The Wolverine’s story is widely known among Marvel fans. Although he was born a mutant, Wolverine reached his full potential when his skeleton was fused with the indestructible metal called adamantium. The adamantium strengthened his body and made him virtually unbreakable, but it also added a considerable amount of weight. In this article, we’ll tell you how much Wolverine weighs with and without adamantium inside of his body.
As an adult man, before his skeleton was fused with adamantium, Wolverine weighed 195 lbs, which is a little over 88.4 kilograms. After the Weapon X program, which fused adamantium with his skeleton, Wolverine gained an additional 105 lbs (47.6 kilograms), meaning that after the program, he weighed 300 lbs, roughly 136 kilograms.
There are many kinds of superheroes, from regular humans, enhanced individuals, mutants, aliens, mythological gods and creatures, et cetera. Many of them have superpowers and enhanced abilities, which can affect the physical attributes of certain individuals. Wolverine is one of those individuals. Individuals that are enhanced and turn into superheroes using technology and science inside a lab usually experience many physical changes in their bodies. And in the rest of this article, we’ll dig deeper into Wolverine’s case and explain more about the adamantium’s role in his skeleton.
The Weapon X program has some things in common with the Super Soldier program, but not entirely!
The Super Soldier program is probably the best example of turning a regular human into a superhero via a government program in Marvel Comics. Steve Rogers, the original Captain America, weighed only 95 lbs (43 kilos) and was only 5’4” (162.56 centimeters) tall before the super soldier serum was injected into his body, turning him into a super soldier with 6’2” (187.96 centimeters) of height and 240 lbs (108.86 kilograms) of weight.
The injection of adamantium into Wolverine’s skeleton didn’t provide such a massive external change since Wolverine was already a trained and muscular soldier before the Weapon X program, but the large amount of adamantium that covered his entire skeleton made him a lot heavier than he looked.

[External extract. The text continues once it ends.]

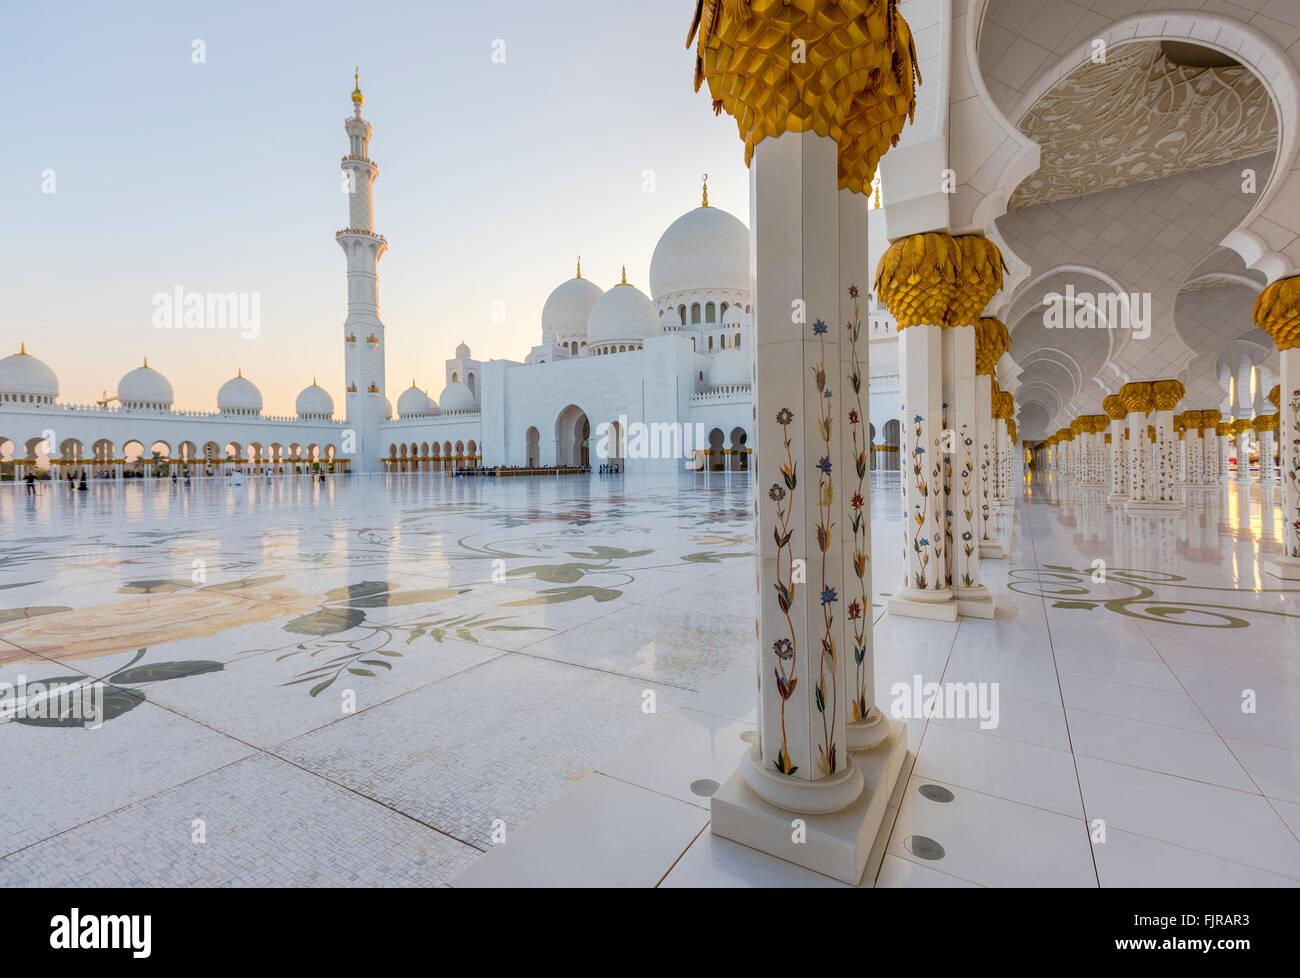 Courtyard of the Sheikh Zayed Mosque, Sheikh Zayed Grand Mosque, Abu Dhabi, Emirate of Abu Dhabi, United Arab Emirates - Stock Image
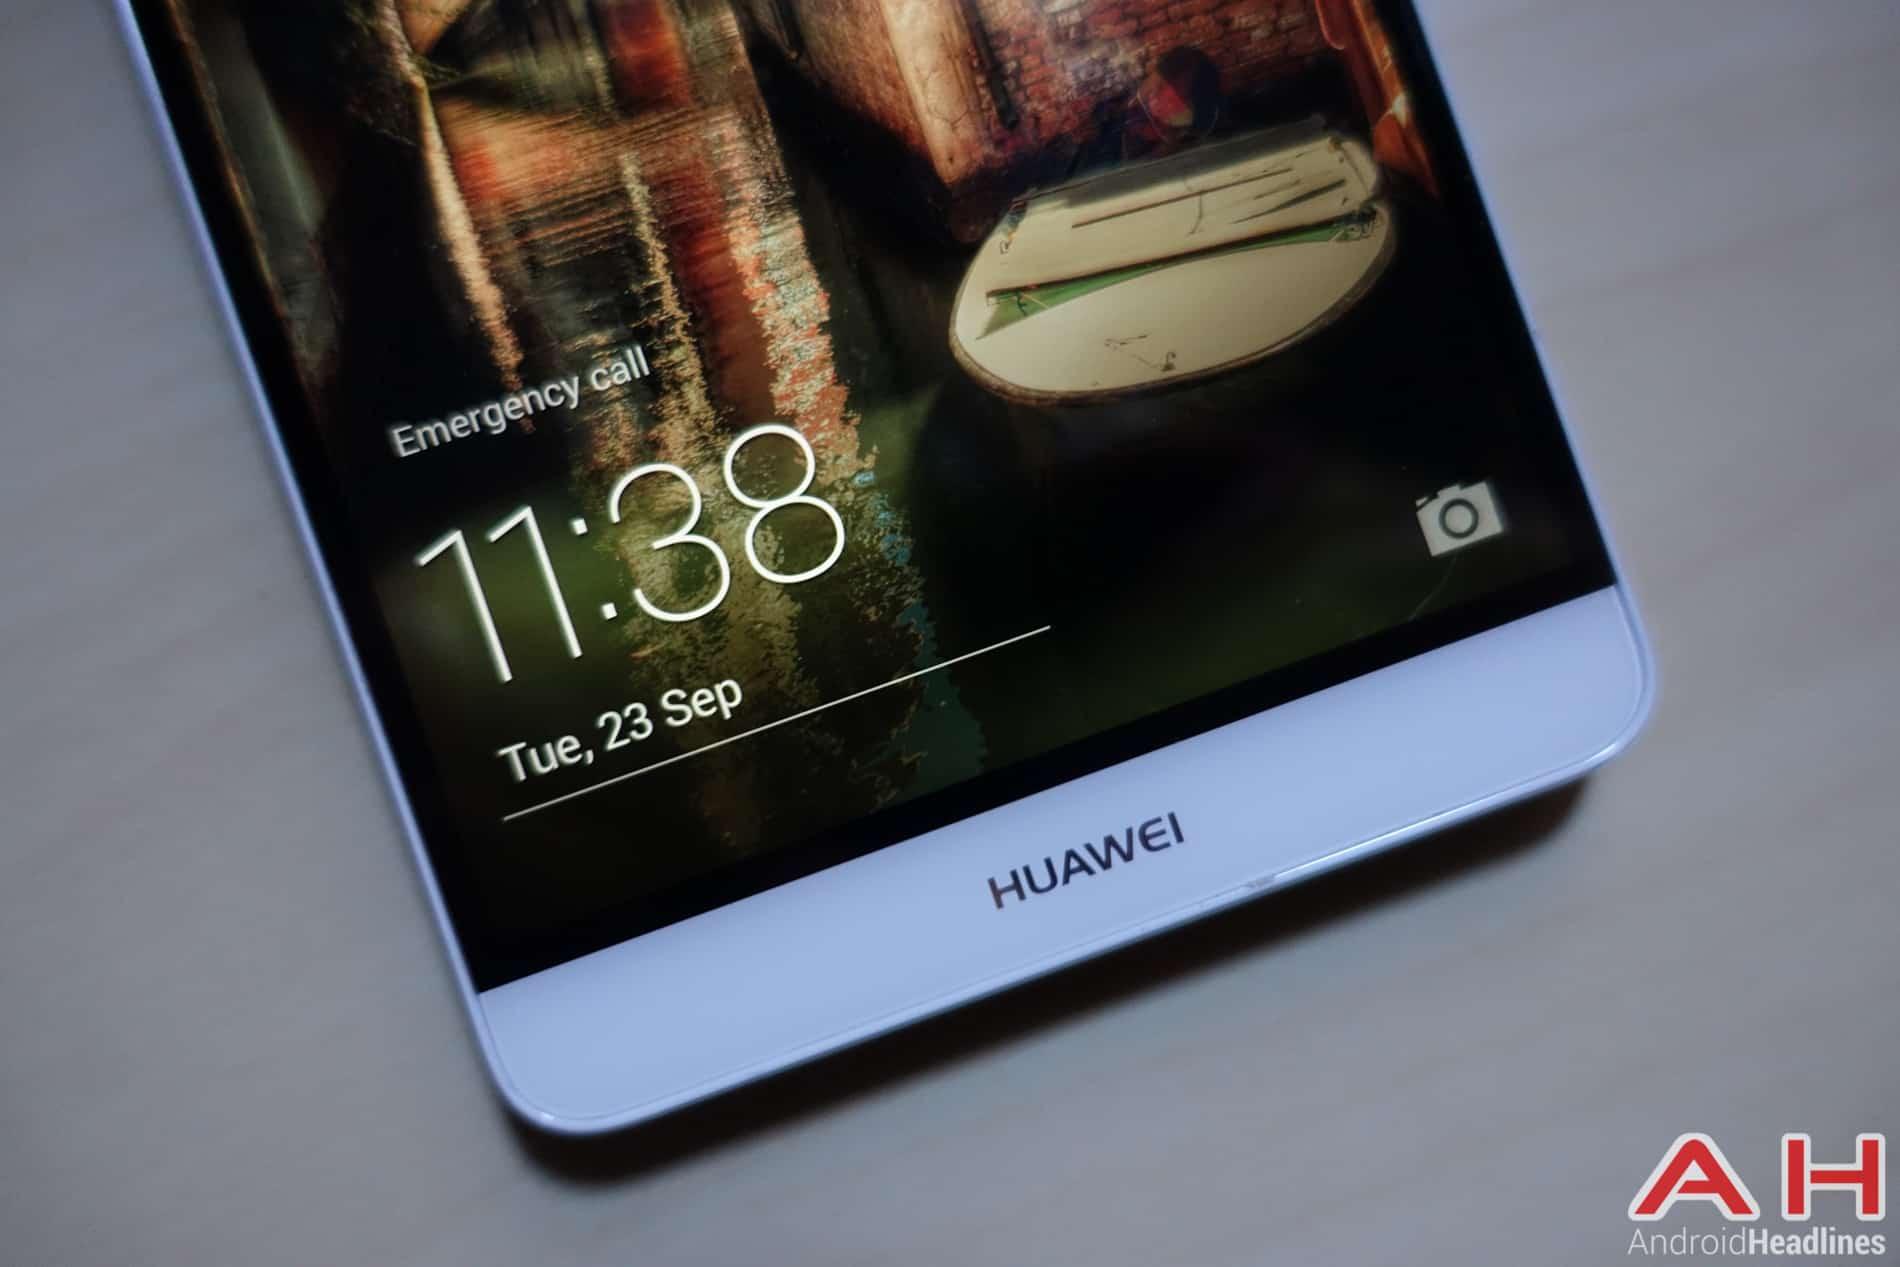 Huawei Ascend Mate 7 AH 10

We can still remember the scene from ‘X-Men Origins: Wolverine’ when Jackman’s Logan sat on the motorcycle, and the shock absorbers immediately showed how much weight he gained thanks to adamantium.
Adamantium is a fictional metal; therefore, it’s impossible to know how much it weighs in its regular stasis. Adamantium is expected to be heavier than steel, which density is somewhere between 7.75 and 8.05 grams per cubic centimeter or between 7,750 and 8,050 kilograms per cubic meter. For comparison, the heaviest metal on Earth is osmium, which density is 22.59 grams per cubic centimeter.
Fictional metals like adamantium and vibranium are known to be indestructible, but their density is unknown. While vibranium is known as a very strong but very light metal, adamantium is still denser and heavier, although vibranium is considered more durable since adamantium can still change its shape at very high temperatures. As we’ve seen in the 2013’s movie ‘The Wolverine,’ the Silver Samurai was able to cut Wolverine’s claws with a heated sword.
The adamantium injection affected Wolverine’s weight, but what about his height?
We have already outlined the differences between Wolverine and Captain America based on the government programs that turned them into superheroes, so let’s do it on one more matter.
It’s known that both programs have affected their physical weights, although the key difference is that Steve Rogers gained weight due to the rapid development of his muscles, while Wolverine gained weight solely because of the injected metal. Steve Rogers’ height also rapidly increased, but what about Wolverine’s?
To give a clear answer to the question: no, the injection of adamantium didn’t affect Wolverine’s height as the Super Soldier program affected Steve Rogers’. When adamantium was fused with his bones, the bones became virtually unbreakable, and the large amount of metal in his body also enhanced his super strength and made his claws capable of penetrating almost any substance.
In the source material, Wolverine is known as a pretty short character, only 5’3″ (160 centimeters) in height. This is particularly noticeable when he stands among other X-Men, although some fans noted how Wolverine’s height can sometimes seem inconsistent in the various comics. However, in the movies, Hugh Jackman’s Wolverine couldn’t have been depicted so short due to Jackman’s height of 6’2”, the same height as post-serum Captain America, interestingly enough.
Still, having a skeleton fused with adamantium comes at a price. Even though it turned Wolverine into an ultimate killing machine, as we could’ve seen plenty of times, adamantium was Wolverine’s major weakness against Magneto since adamantium isn’t immune to Magneto’s metal-manipulating abilities. And as the 2017’s movie ‘Logan’ depicted, the adamantium was also slowly poisoning Wolverine during all those decades after the Weapon X program.